*Task prompt*:
Each entry must come back word for word; drop the images as you go.

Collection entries
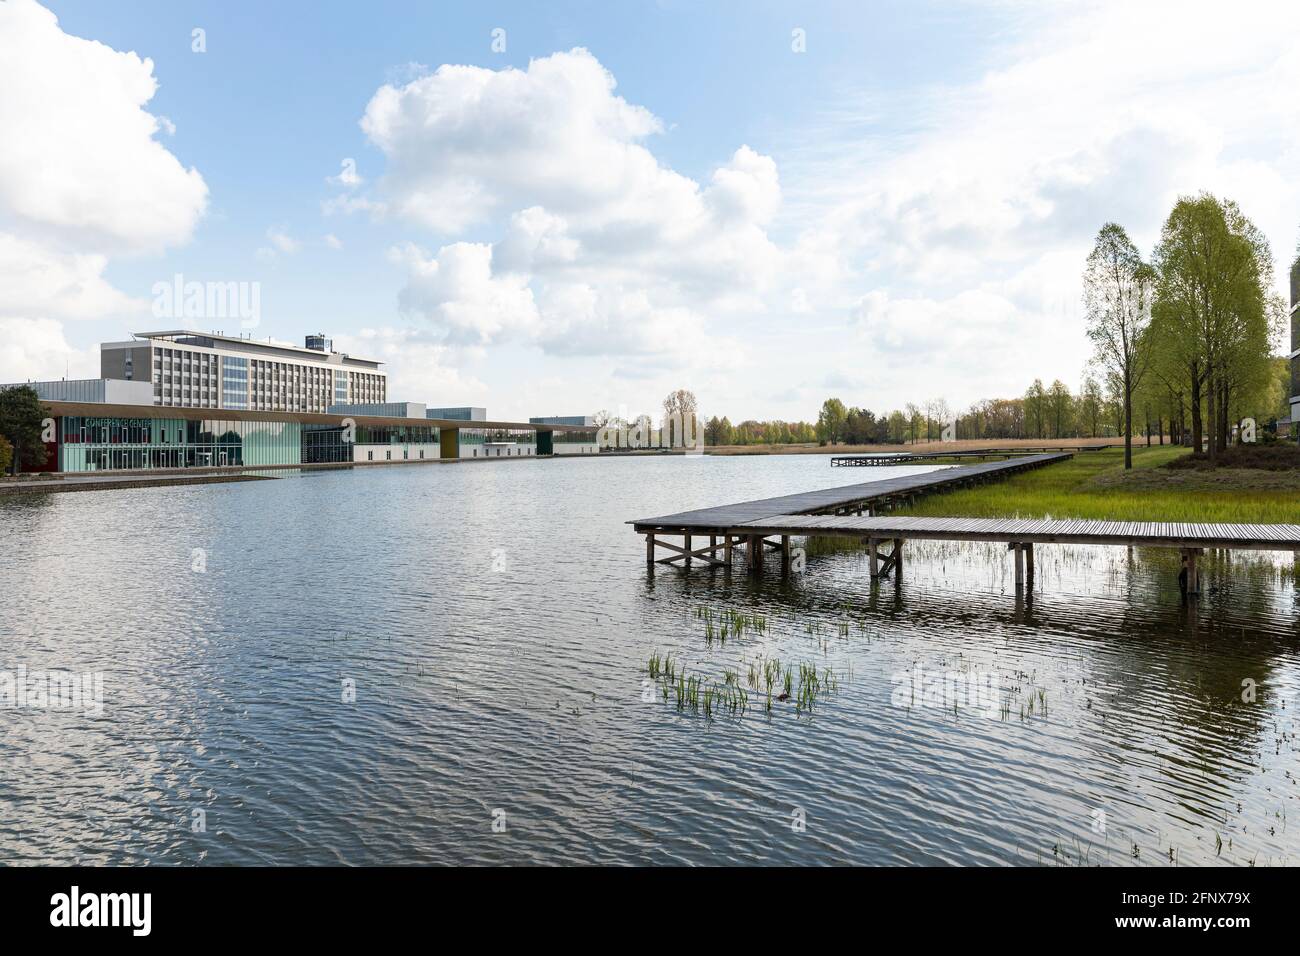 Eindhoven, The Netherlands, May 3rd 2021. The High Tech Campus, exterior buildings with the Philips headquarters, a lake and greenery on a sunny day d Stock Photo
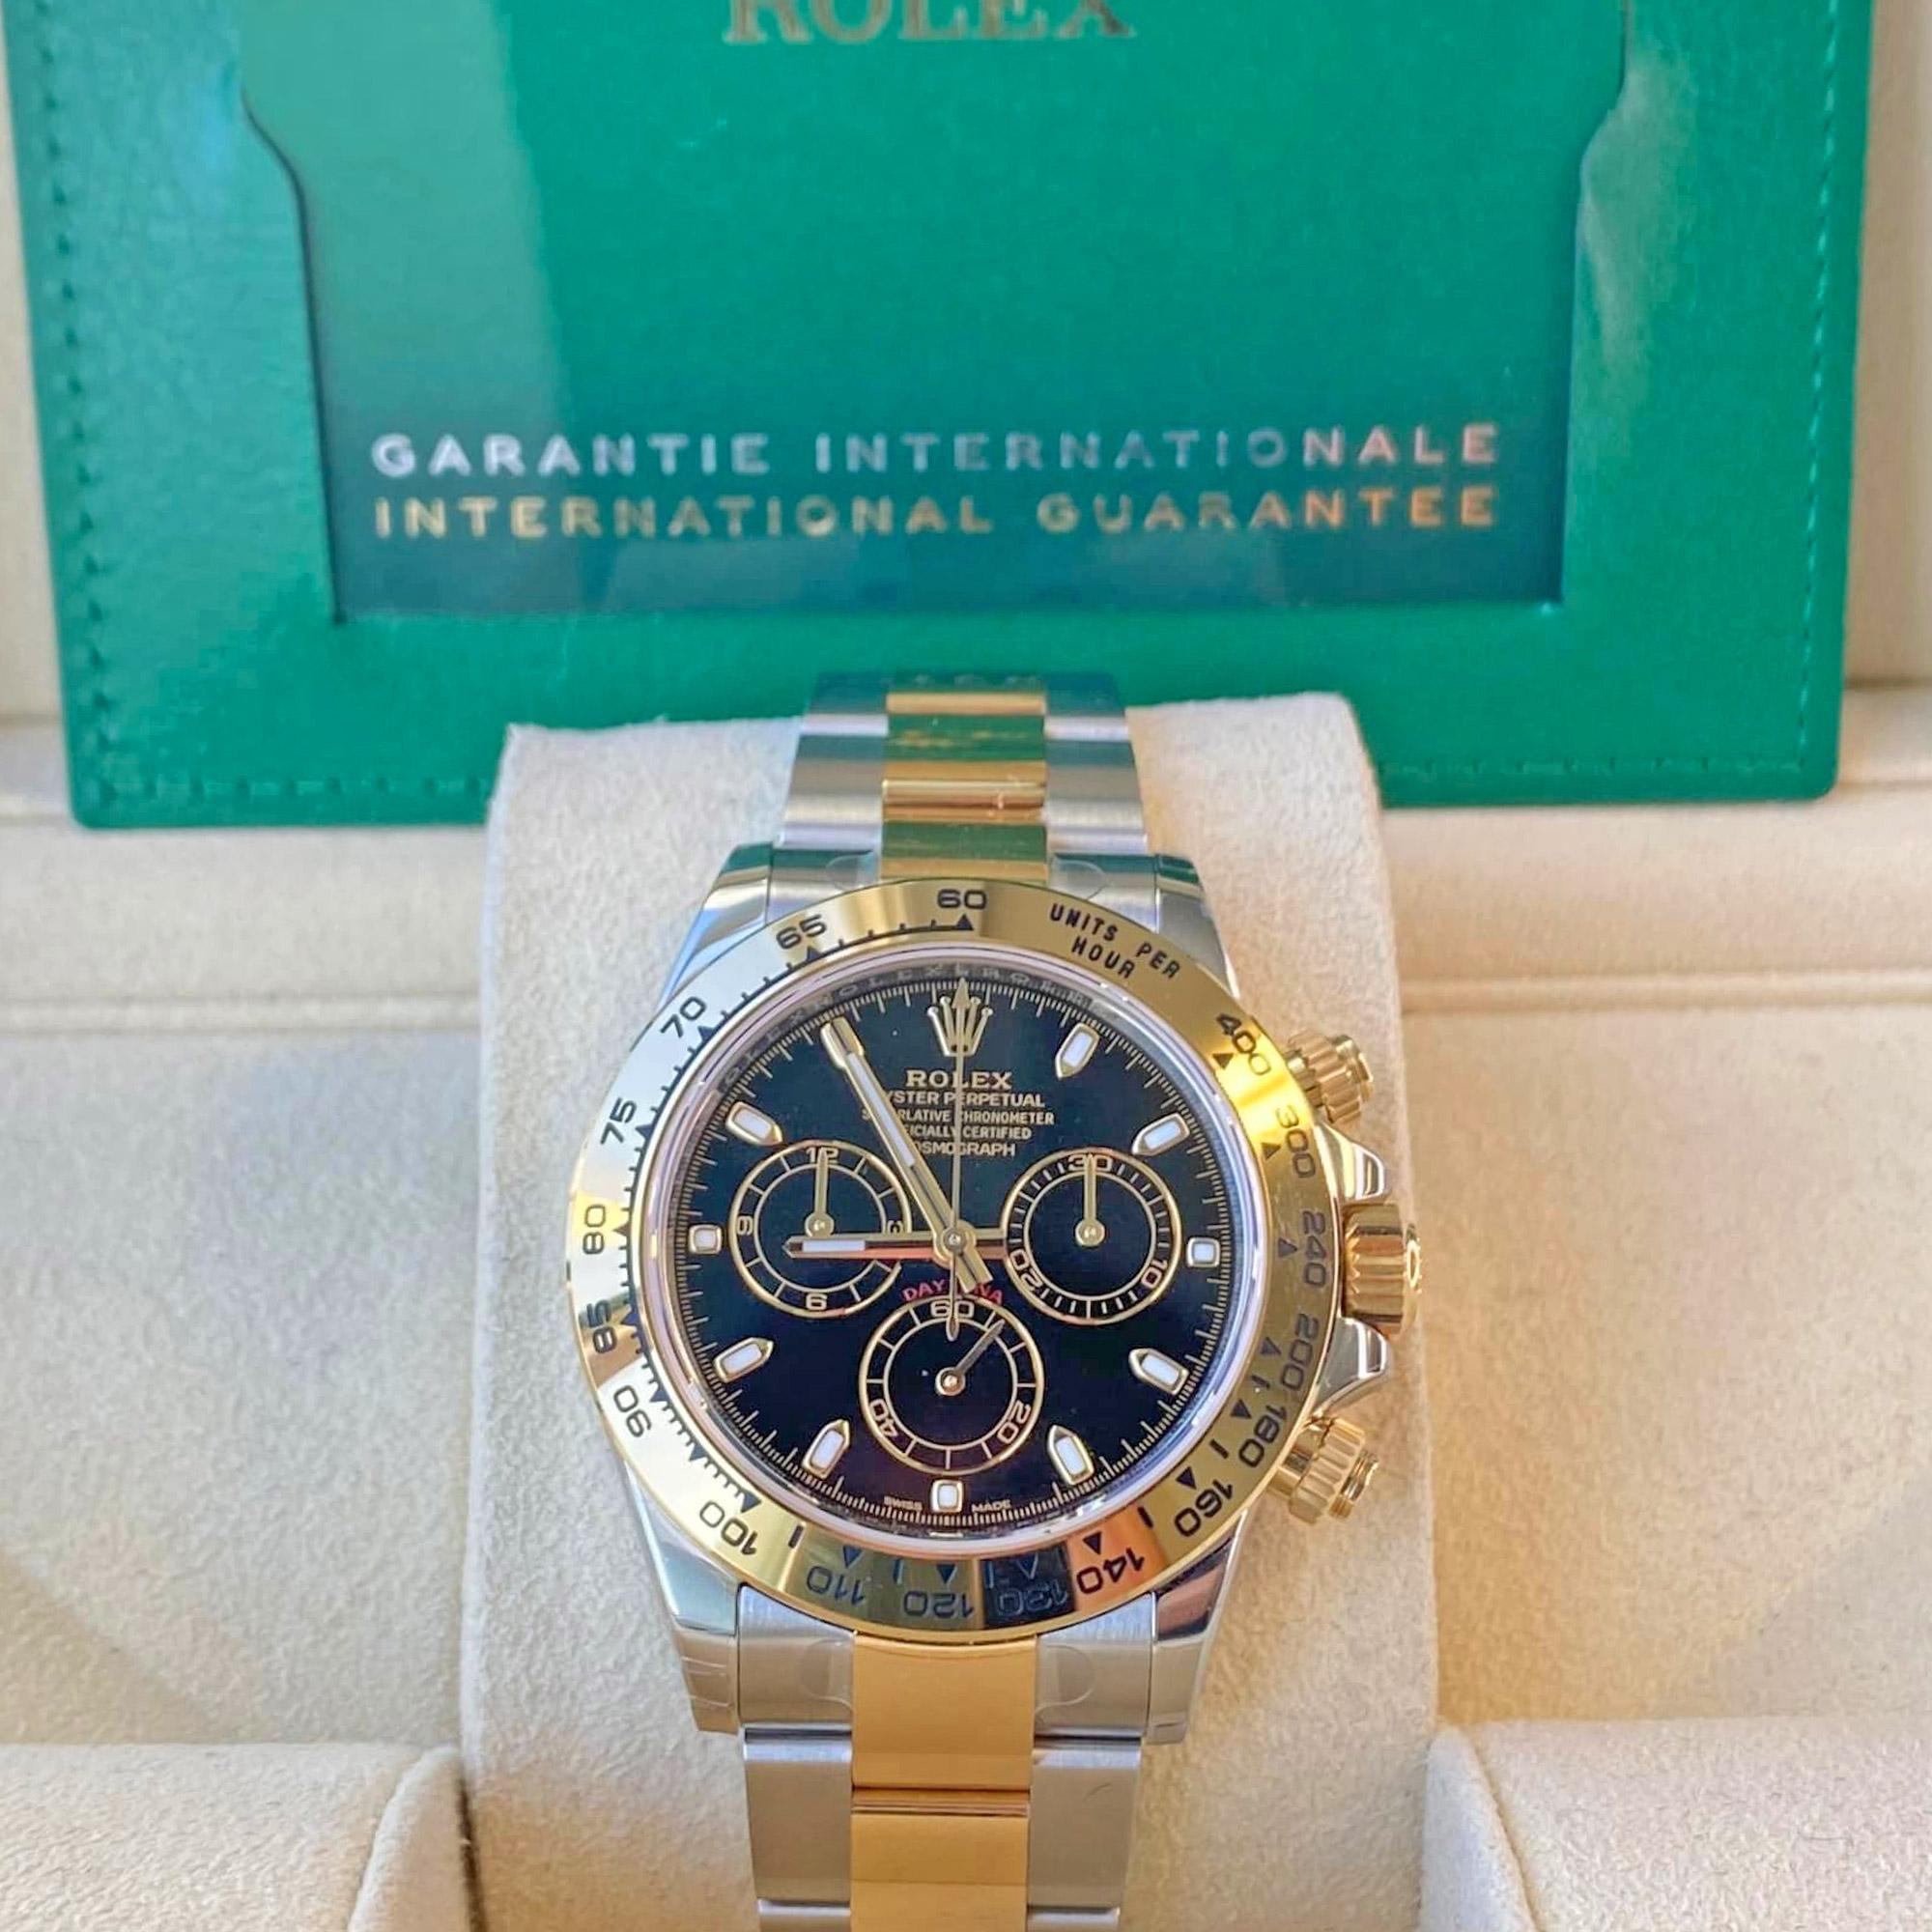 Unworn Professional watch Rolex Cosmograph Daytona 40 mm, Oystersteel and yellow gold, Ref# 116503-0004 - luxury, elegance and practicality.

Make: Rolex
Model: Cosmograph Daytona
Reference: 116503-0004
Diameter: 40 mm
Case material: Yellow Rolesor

*Solution to this task*:
 Eindhoven, The Netherlands, May 3rd 2021. The High Tech Campus, exterior buildings with the Philips headquarters, a lake and greenery on a sunny day d Stock Photo
 Unworn Professional watch Rolex Cosmograph Daytona 40 mm, Oystersteel and yellow gold, Ref# 116503-0004 - luxury, elegance and practicality.

Make: Rolex
Model: Cosmograph Daytona
Reference: 116503-0004
Diameter: 40 mm
Case material: Yellow Rolesor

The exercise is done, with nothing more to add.